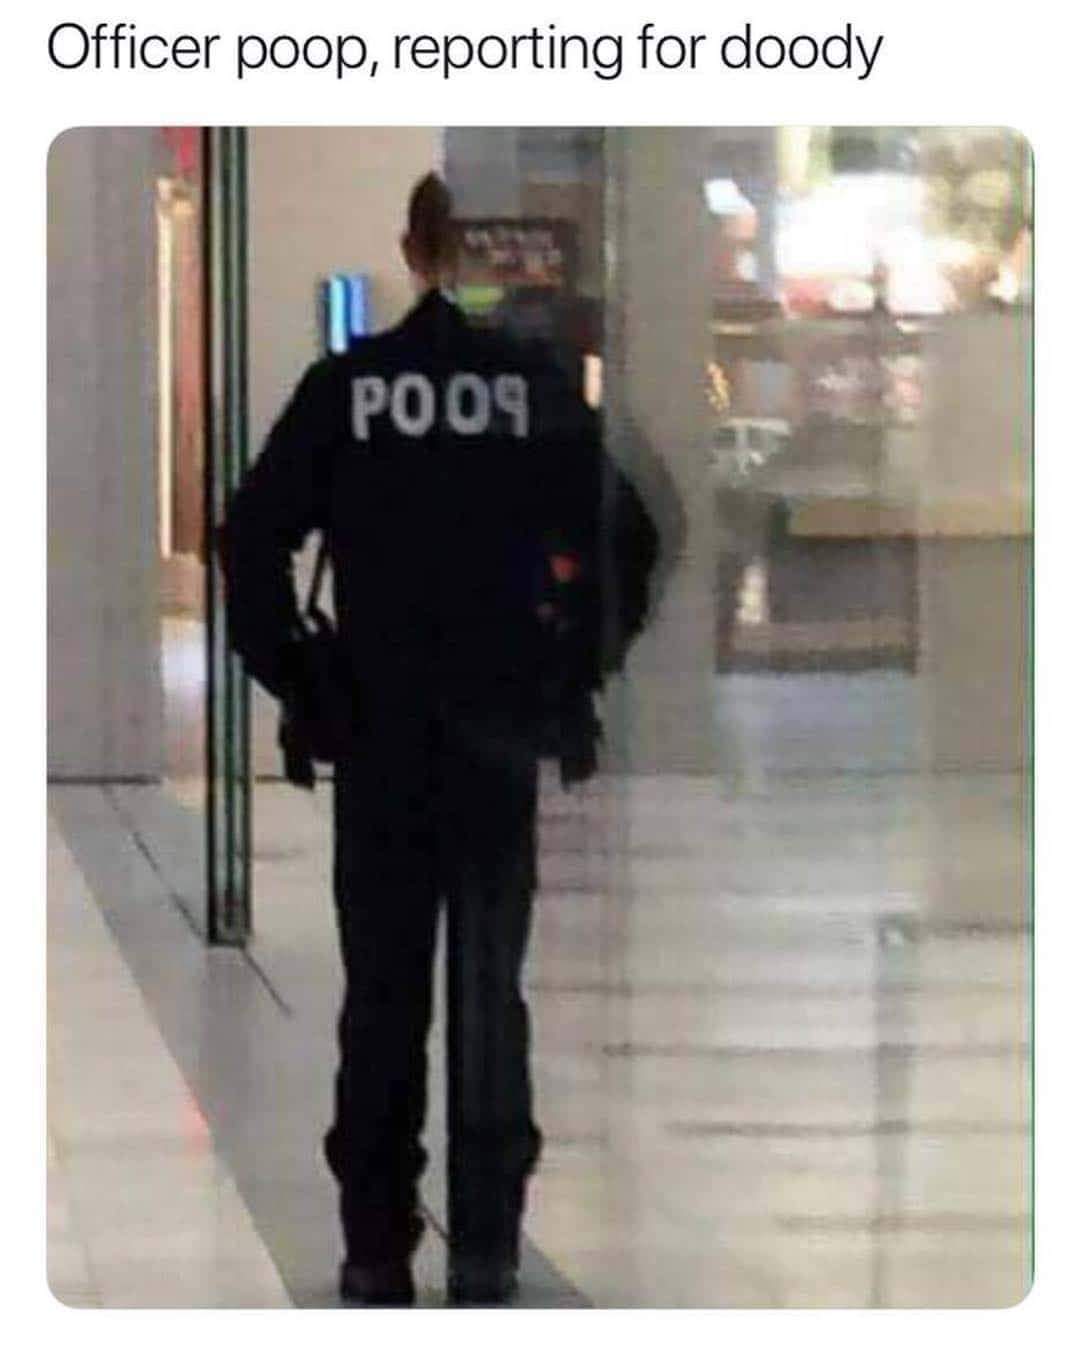 officer poop reporting for doody - Officer poop, reporting for doody Poon
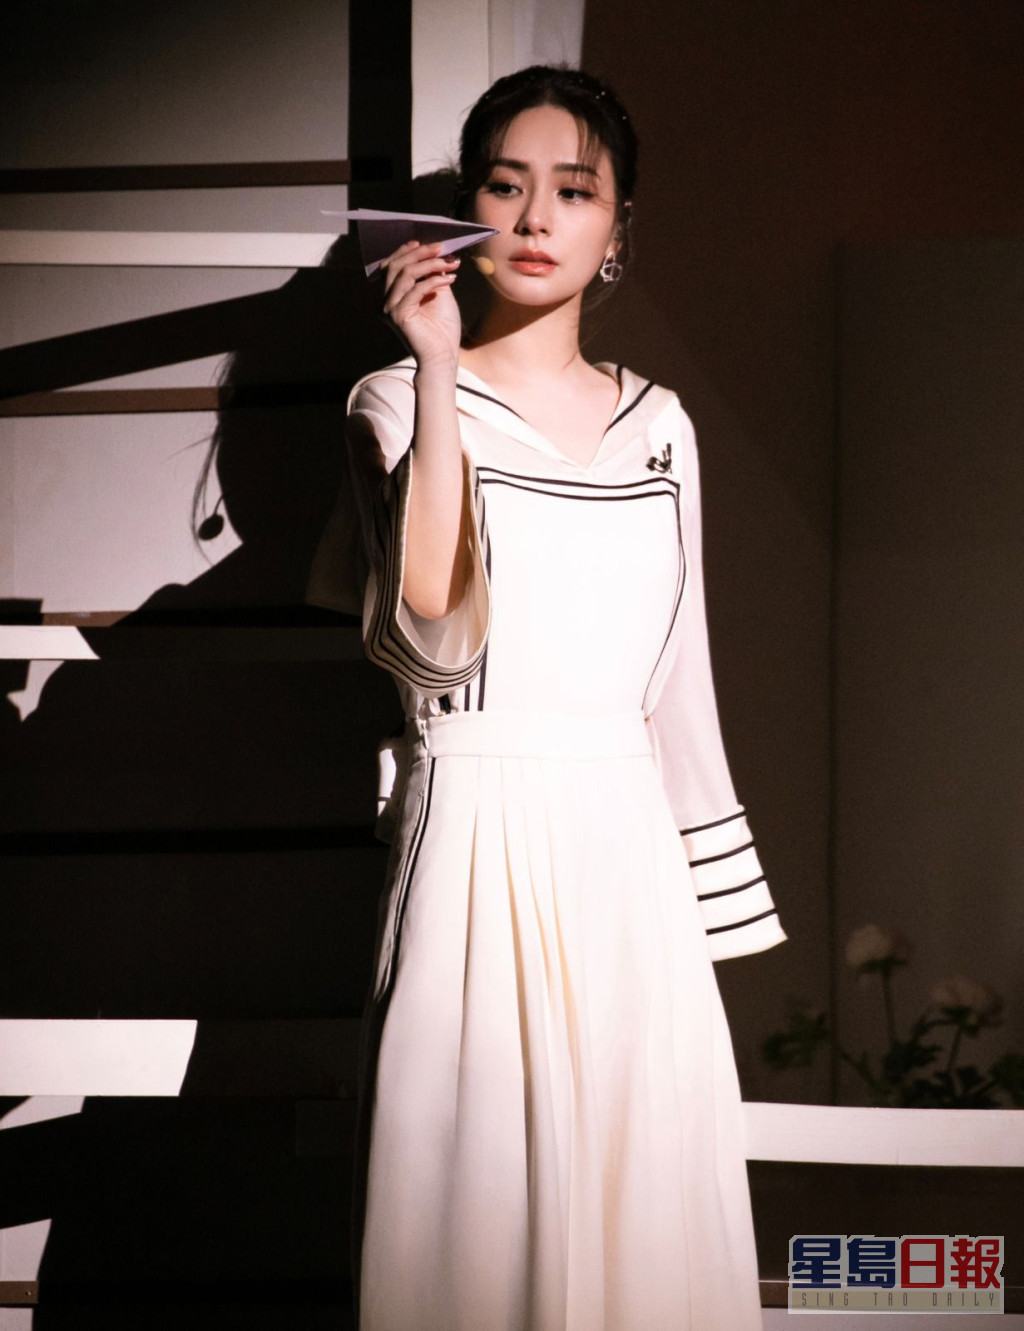 阿娇与宁静、赵樱子以舞台剧的形式演绎张学友经典作品《情书》。
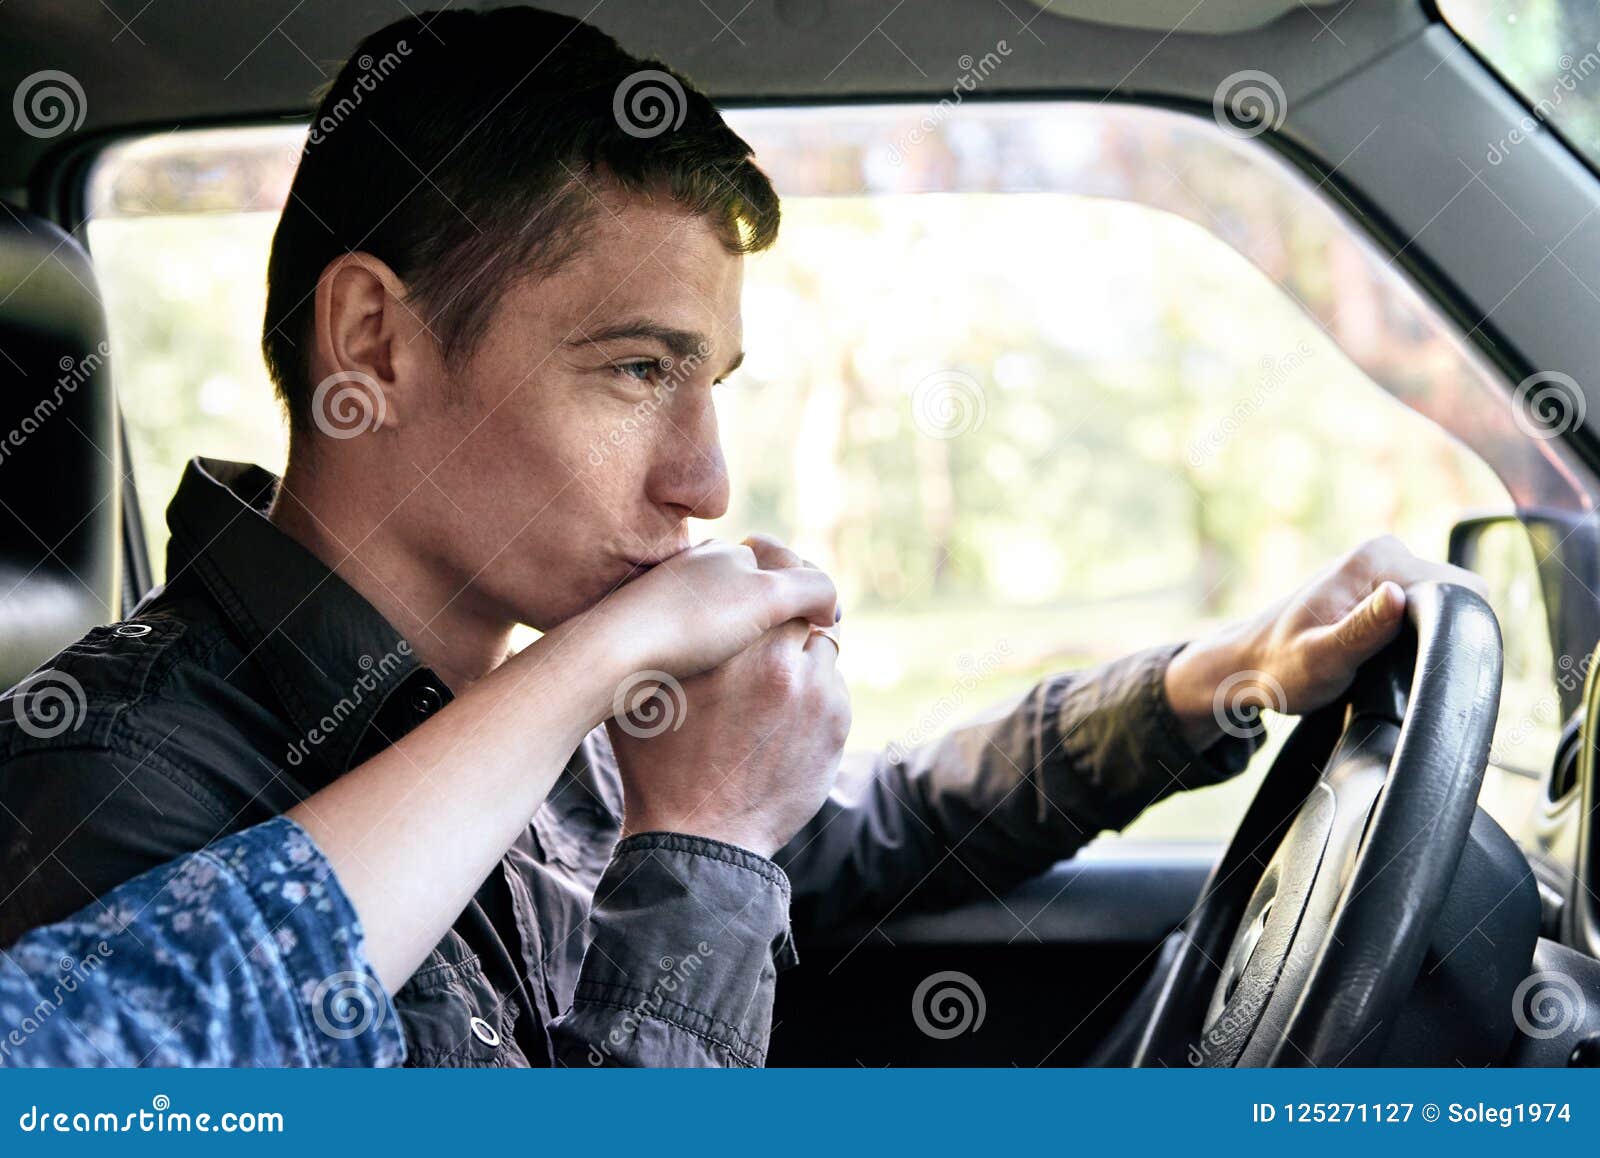 men-sitting-car-kissing-girl-s-hand-romantic-feelings-love-man-sitting-car-kissing-girl-s-hand-romantic-125271127.jpg
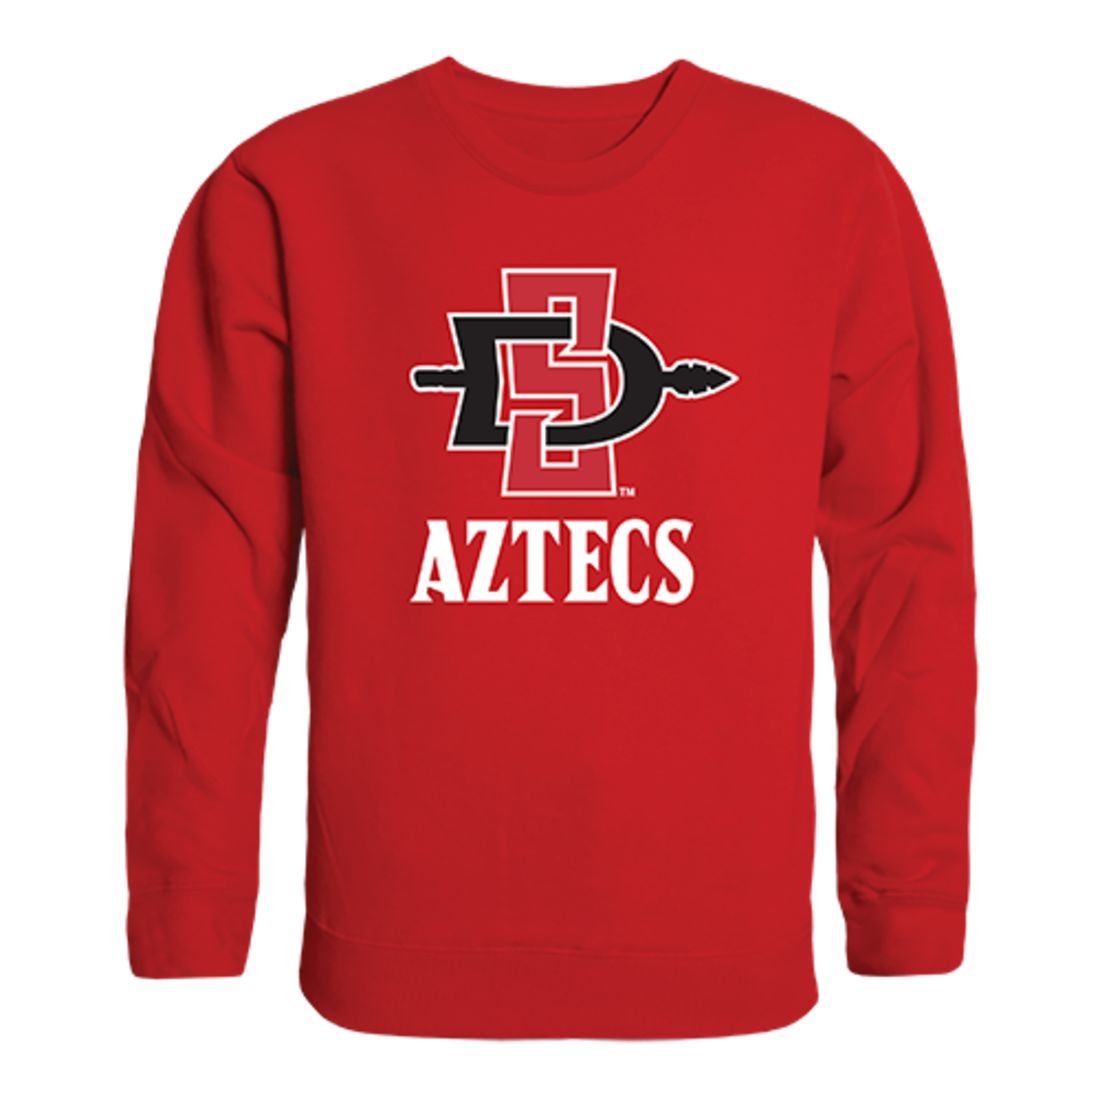 SDSU San Diego State University Aztecs Crewneck Pullover Sweatshirt Sweater Red-Campus-Wardrobe

Directions for this task
Only the pictures in the listing above get left out; print everything else exactly.

Task result
 officer poop reporting for doody - Officer poop, reporting for doody Poon
 阿娇与宁静、赵樱子以舞台剧的形式演绎张学友经典作品《情书》。
 men-sitting-car-kissing-girl-s-hand-romantic-feelings-love-man-sitting-car-kissing-girl-s-hand-romantic-125271127.jpg
 SDSU San Diego State University Aztecs Crewneck Pullover Sweatshirt Sweater Red-Campus-Wardrobe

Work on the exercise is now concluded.